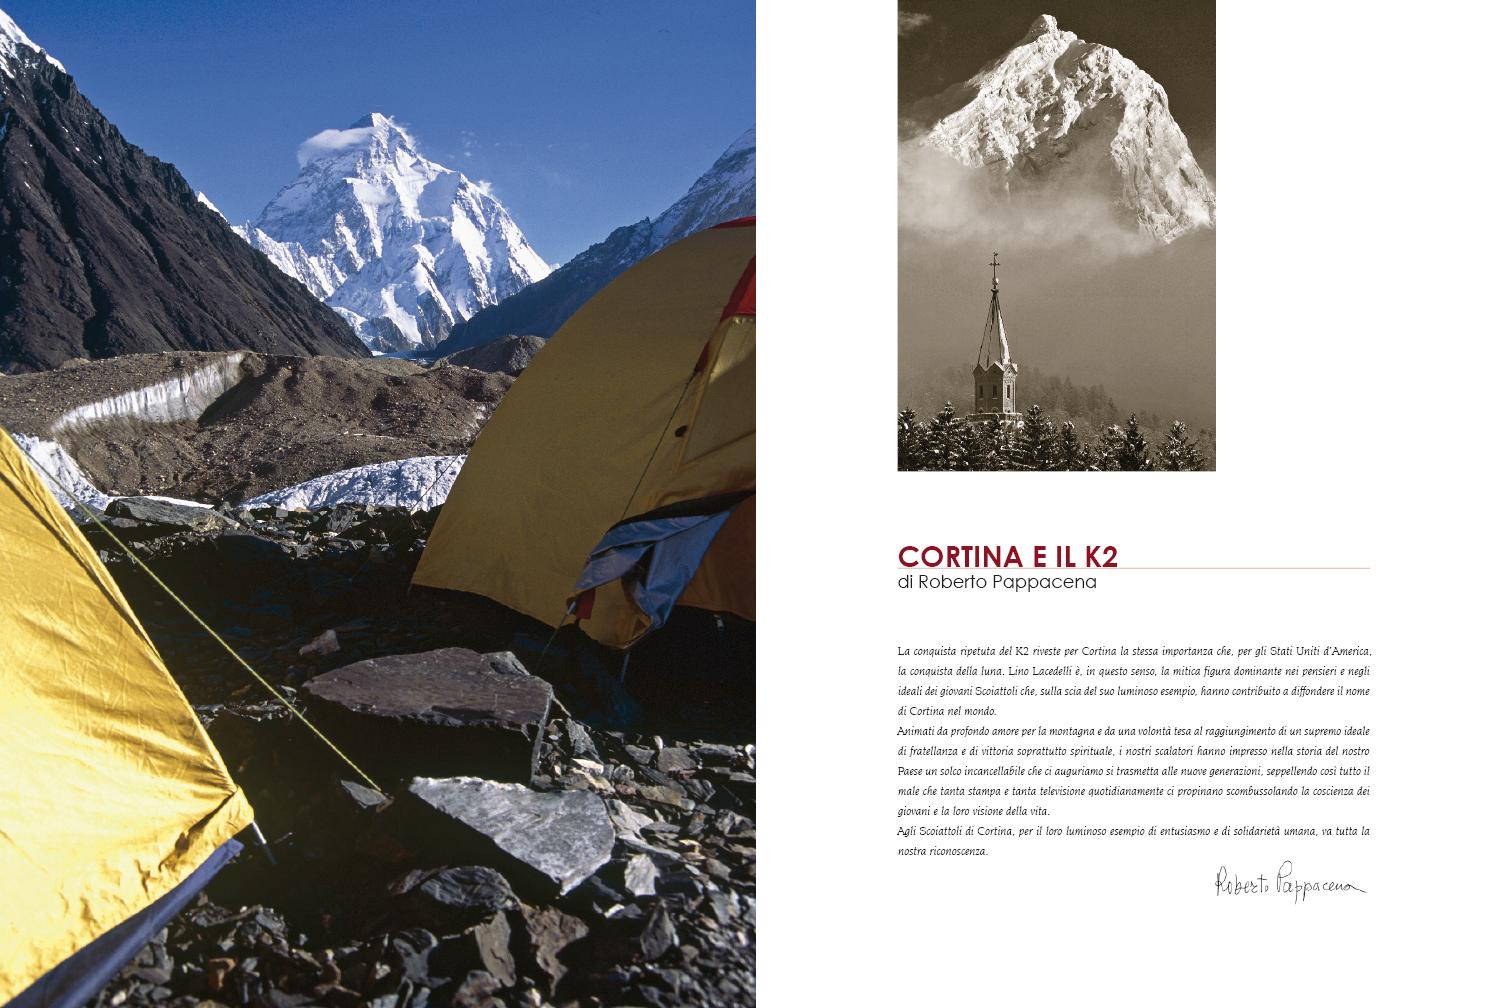 K2 EXPEDITION 1954-2004 Giuseppe Ghedina Fotografo - 005.jpg
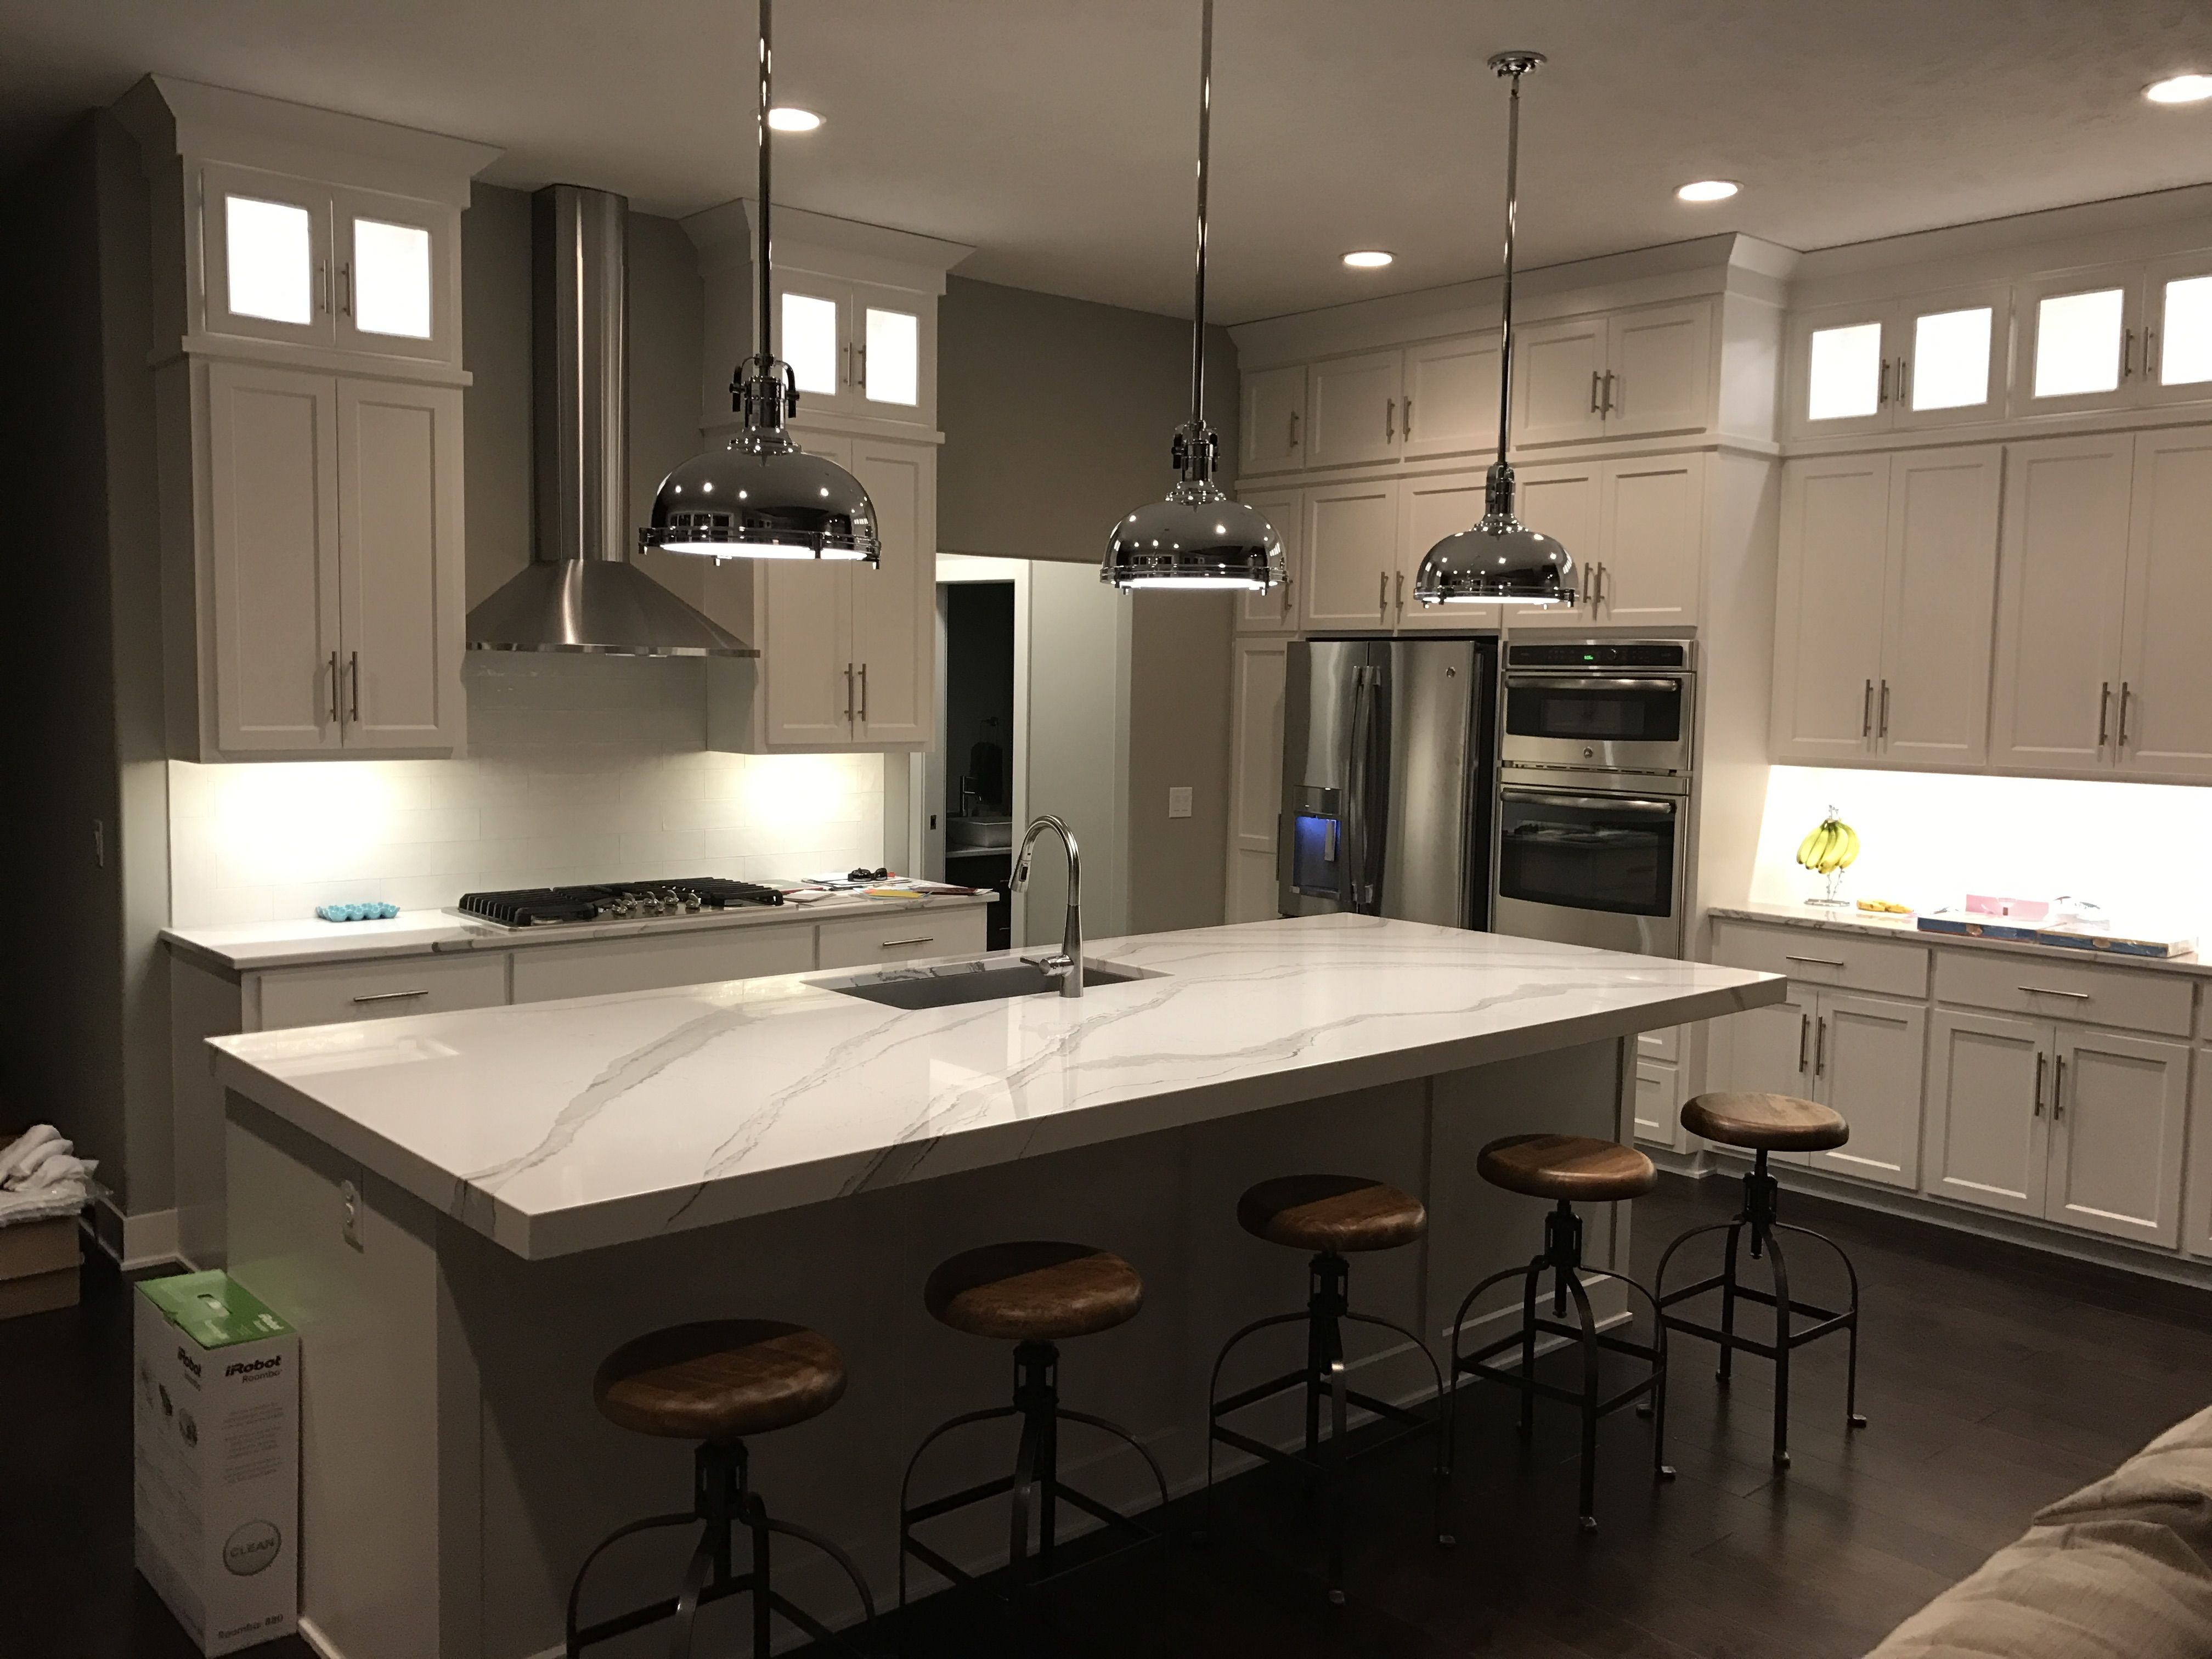 My Kitchen Design And Layout With 10 Foot Island Kitchen Design
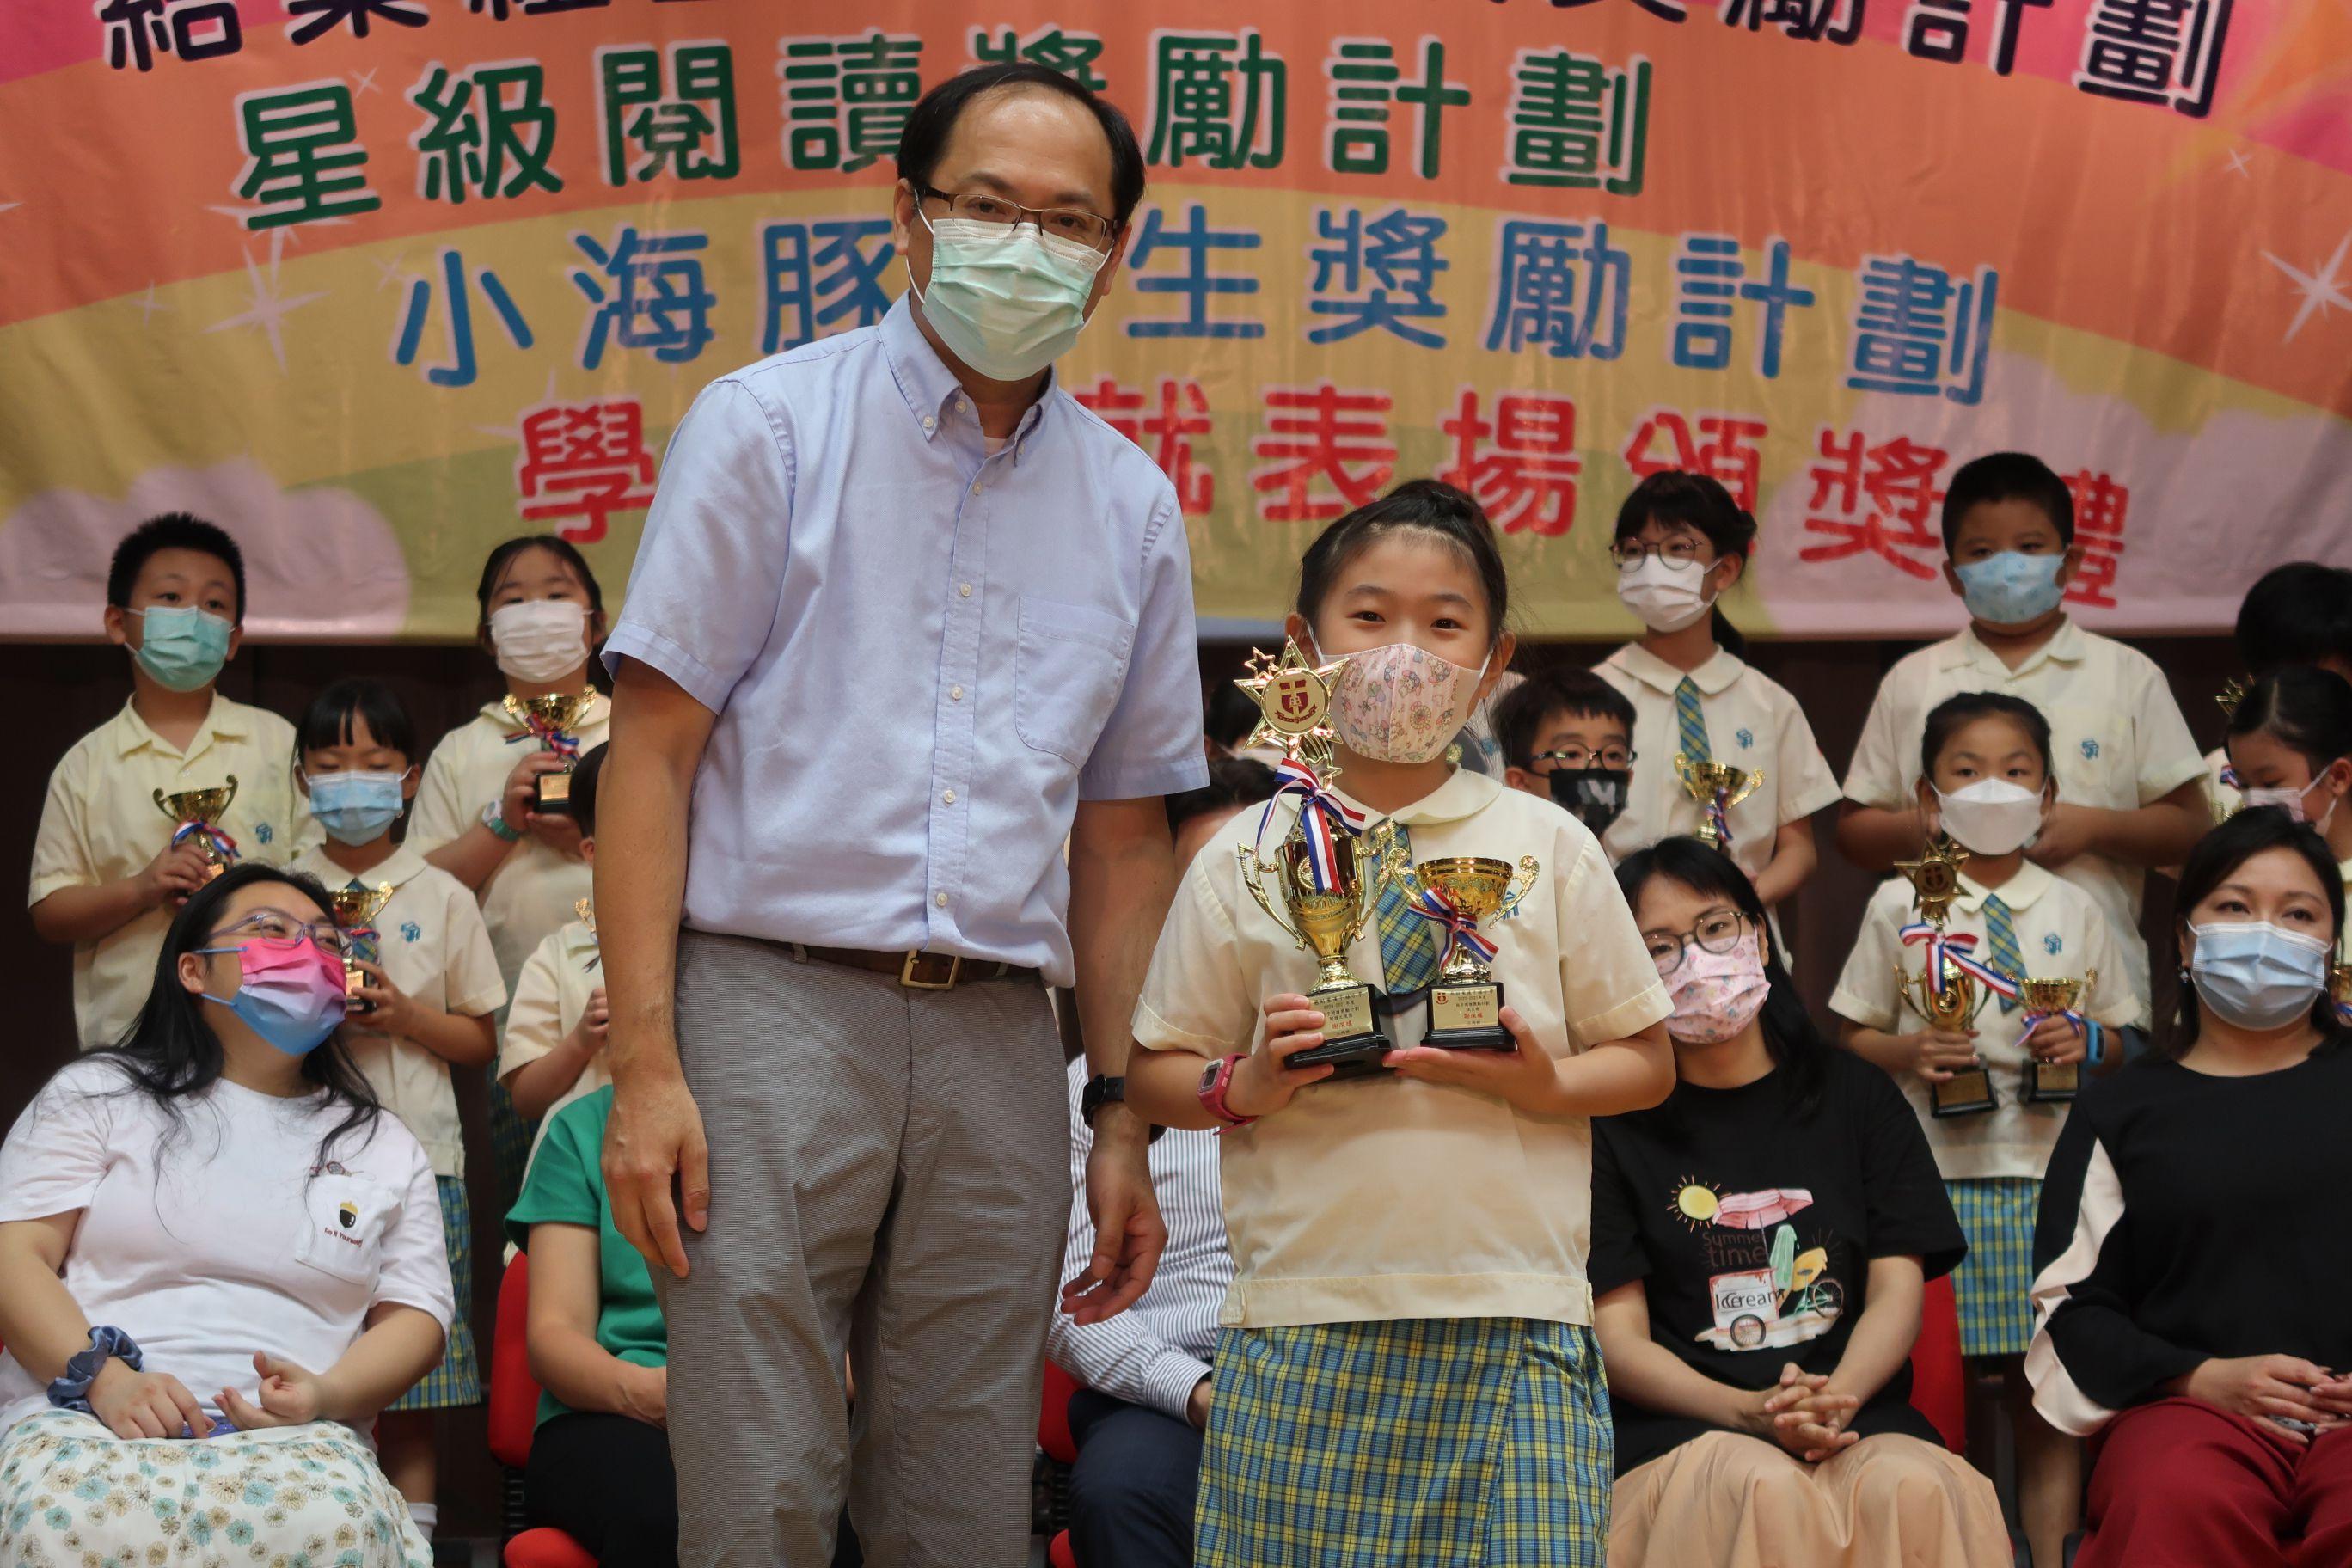 https://syh.edu.hk/sites/default/files/img_5875.jpg

Description of the task
Output the lines above verbatim, images excluded.

Exercise result
 K2 EXPEDITION 1954-2004 Giuseppe Ghedina Fotografo - 005.jpg
 My Kitchen Design And Layout With 10 Foot Island Kitchen Design
 https://syh.edu.hk/sites/default/files/img_5875.jpg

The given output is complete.